I've reproduced what is, presumably, your error. When I run mre_silent_fail.py HiGHS segfaults, with the last logging being at 71.4s
Changes were made to data_out.mip_solution by @mathgeekcoder in #2278
I confirmed that the segfault isn't happening during the reading or writing of the solution data by wrapping the related code with output markers and a try block on the incumbent write. Hopefully it helps in some way while isolating the issue to not be looking at the python code... 🤷
def cbMIPImprovedSolutionHandler(e):
solution = e.data_out.mip_solution
if solution is None or solution.size == 0:
return
print("cbMIPImprovedSolutionHandler reading... ", end="")
# Only a specific clone can update its solution buffer
np.copyto(solution_buffers[int(e.user_data)], solution, casting="no")
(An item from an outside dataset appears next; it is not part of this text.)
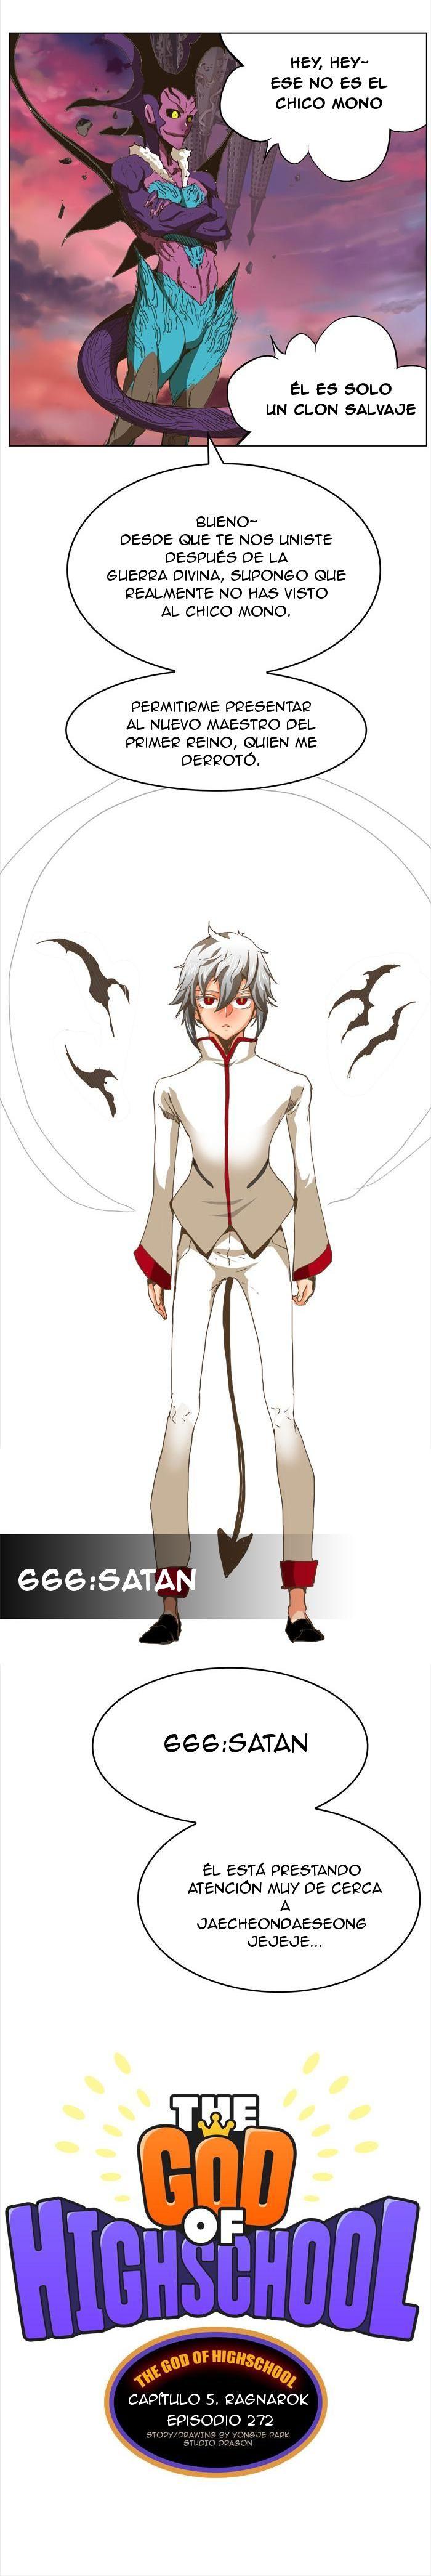 http://c5.ninemanga.com/es_manga/pic2/37/485/494564/521eae94653641ec7be496db736ce3f6.jpg Page 3

incumbent_queue.put_nowait((float(e.data_out.objective_function_value), int(e.user_data)))
print("ok")
def cbMIPUserSolutionHandler(e):
clone_id = int(e.user_data)
if not incumbent.provided[clone_id] and is_better(
incumbent.value, e.data_out.objective_function_value
):
if incumbent.lock.acquire(blocking=False):
print("cbMIPUserSolutionHandler writing incumbent solution... ", end="")
try:
if len(incumbent.solution) != e.data_in.user_solution.shape[0]:
logger.warning(
f"Size mismatch: incumbent {len(incumbent.solution)} vs expected {e.data_in.user_solution.shape[0]}"
)
incumbent.lock.release()
return
np.copyto(e.data_in.user_solution, incumbent.solution, casting="no")
e.data_in.user_has_solution = True
incumbent.provided[clone_id] = True
finally:
incumbent.lock.release()
print("ok")
and the segfault still happens but all the marker lines end with 'ok'.
FYI: I've started looking into this using a debug build of highspy. I can also reproduce in release, but it's hard to diagnose the issue.
After ~30 mins (debug takes longer) I hit a "subscript out of bounds" error, which might be the cause of the seg fault in release. BUT, it's not where you think it might be. It's in HPresolve::link but in heavily nested submips, i.e., RINS -> RENS -> RINS -> presolve.
I'm still diagnosing but might not be easy.
Attempting to solve the mre_silent_fail.mps with a single process with a random seed of 4 also causes the fault.
# This fails on i == 4
for i in range(NUM_CONCURRENT_PROCESSES):
print("Testing with random seed", i)
model = Highs()
model.readModel(model_path) # or mps if desired
model.setOptionValue("log_to_console", True)
model.setOptionValue("mip_feasibility_tolerance", 1e-4)
model.setOptionValue("mip_heuristic_run_root_reduced_cost", True)
model.setOptionValue("mip_min_logging_interval", 30)
model.setOptionValue("mip_rel_gap", 1e-4)
model.setOptionValue("primal_feasibility_tolerance", 1)
model.setOptionValue("random_seed", i)
model.setOptionValue("threads", 1)
model.setOptionValue("time_limit", 180)
model.solve()
Should I change the title of this issue to something more accurate now since it doesn't actually involve either concurrent processes or user solution handling? Something like "v1.12.0 (git hash: 755a8e0) segfault when using a specific random_seed on a specific problem."?